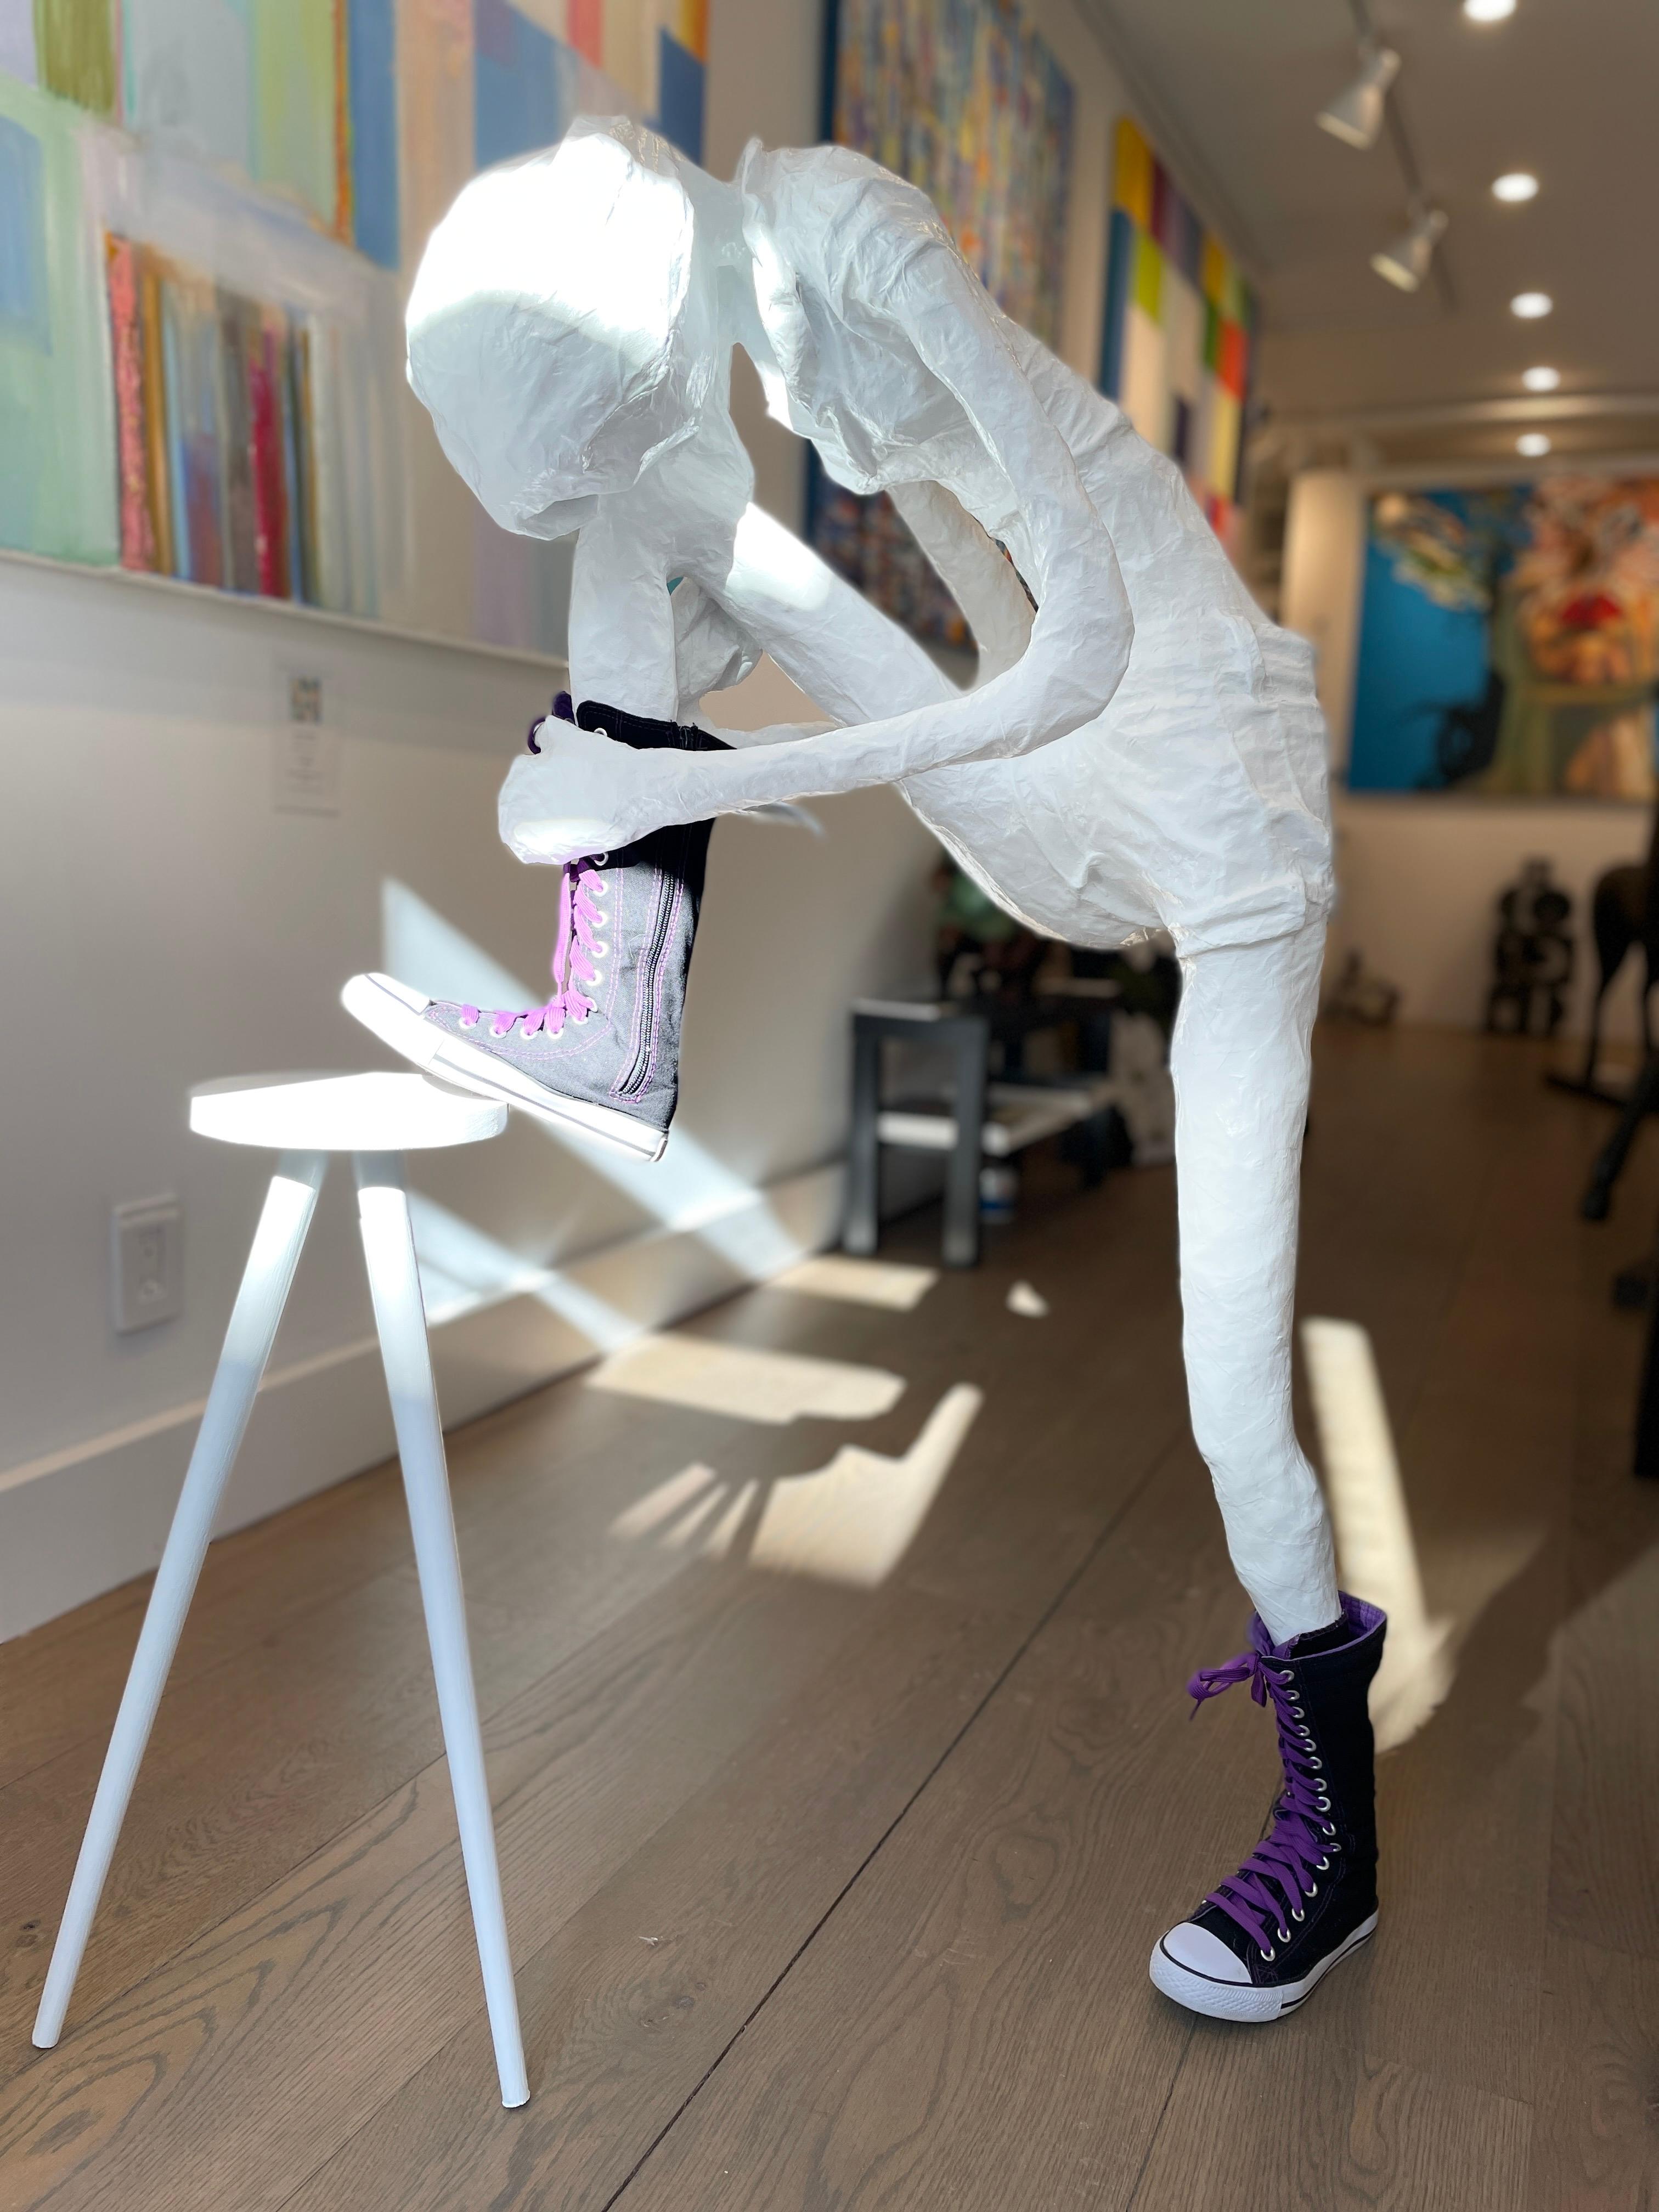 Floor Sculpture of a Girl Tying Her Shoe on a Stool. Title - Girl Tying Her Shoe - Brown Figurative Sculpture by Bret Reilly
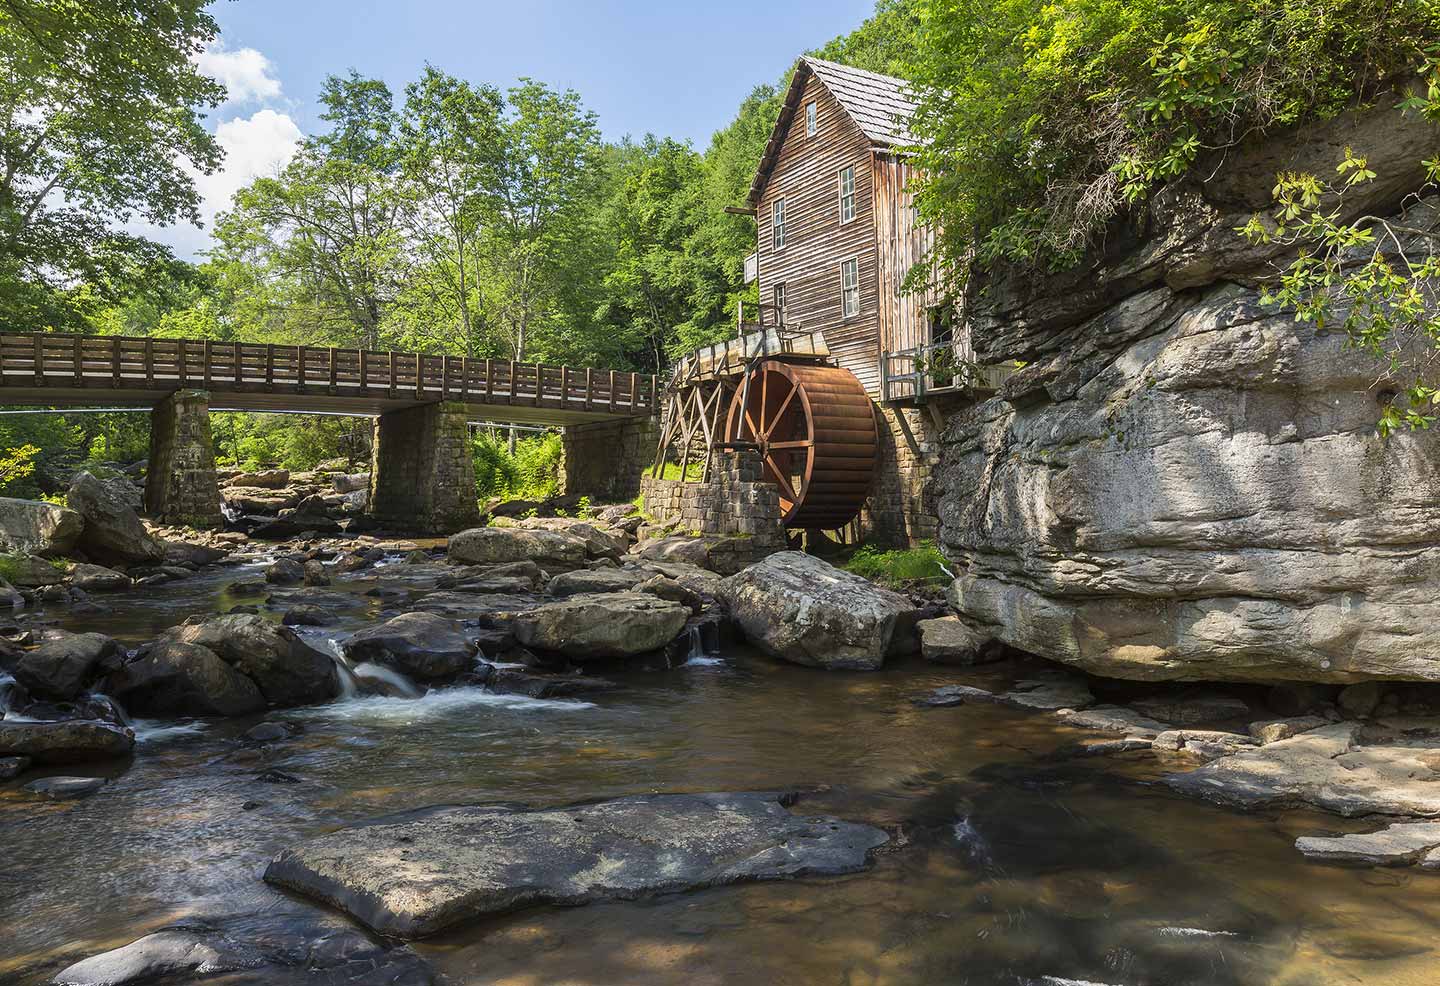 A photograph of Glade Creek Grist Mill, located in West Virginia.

--

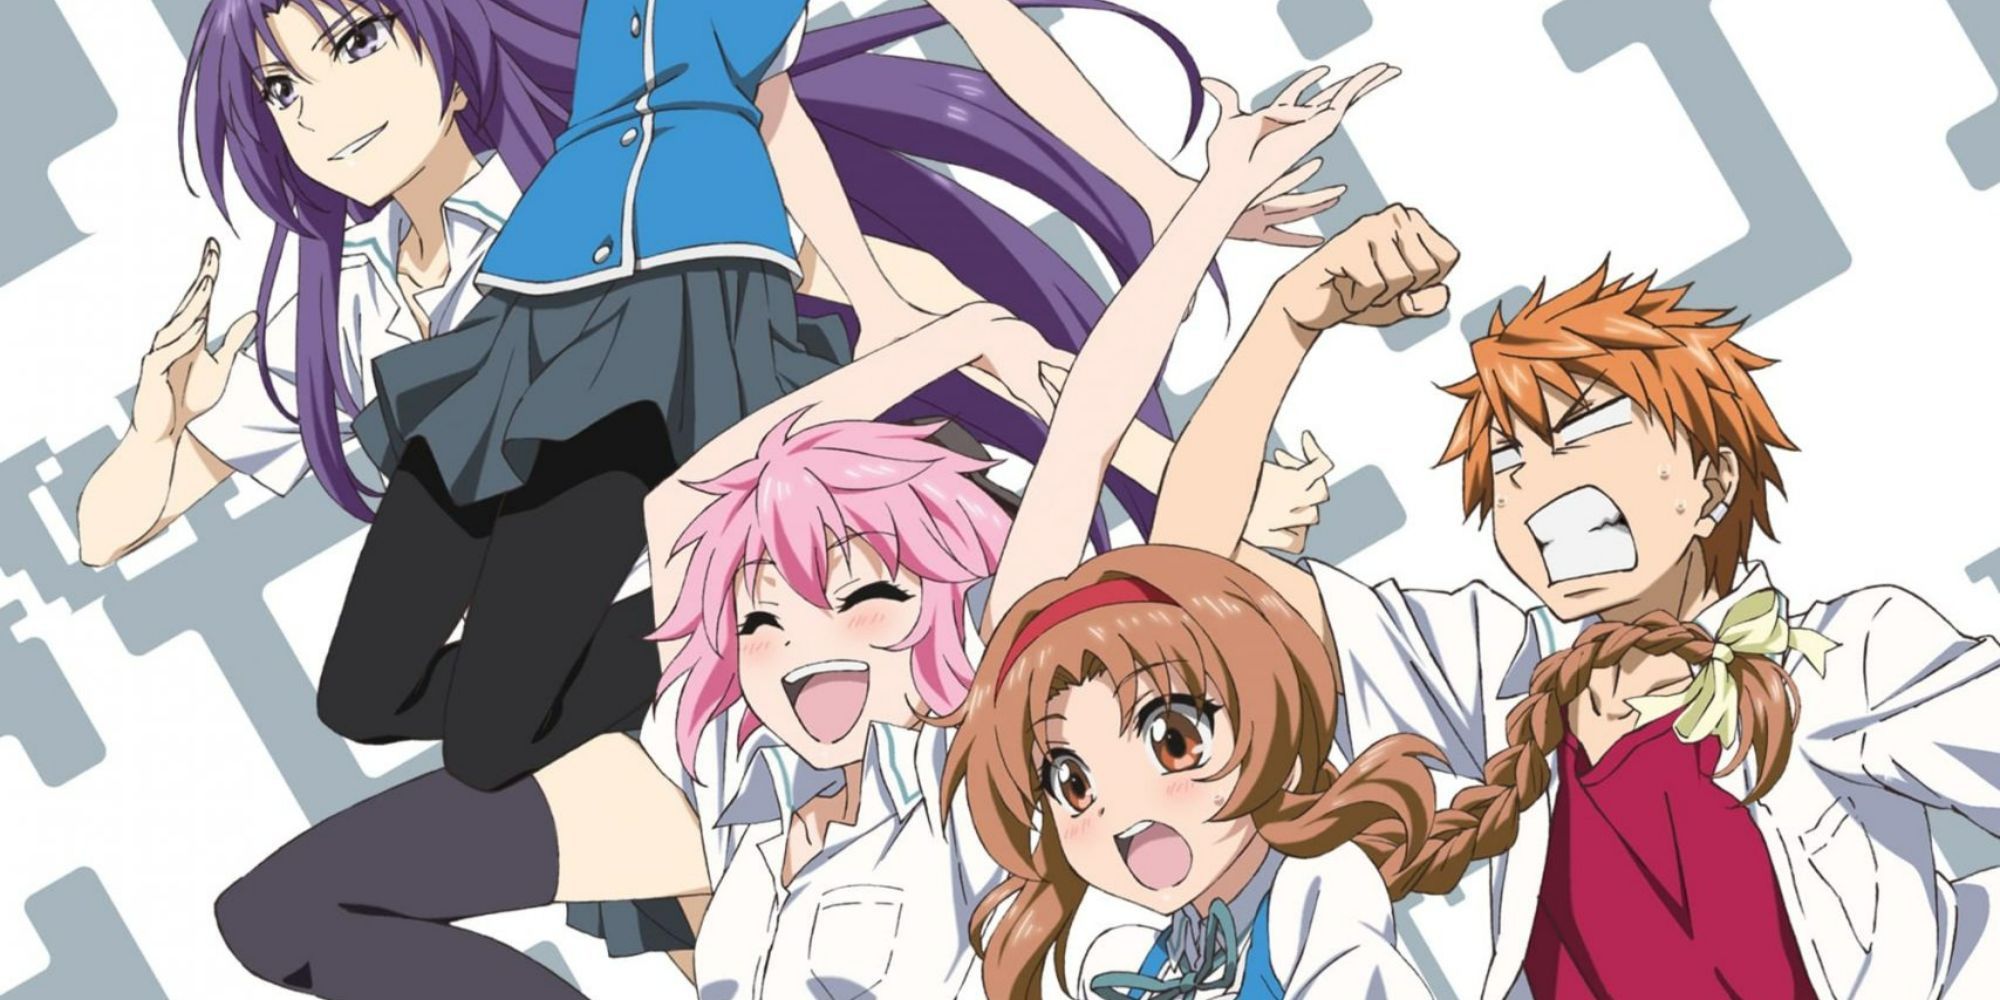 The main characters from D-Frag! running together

**To do:**
Reproduce the lines above beginning at the line that contains "Floor Sculpture of" and ending at the line that contains "A photograph of". No pictures.

**Output:**
 Floor Sculpture of a Girl Tying Her Shoe on a Stool. Title - Girl Tying Her Shoe - Brown Figurative Sculpture by Bret Reilly
 A photograph of Glade Creek Grist Mill, located in West Virginia.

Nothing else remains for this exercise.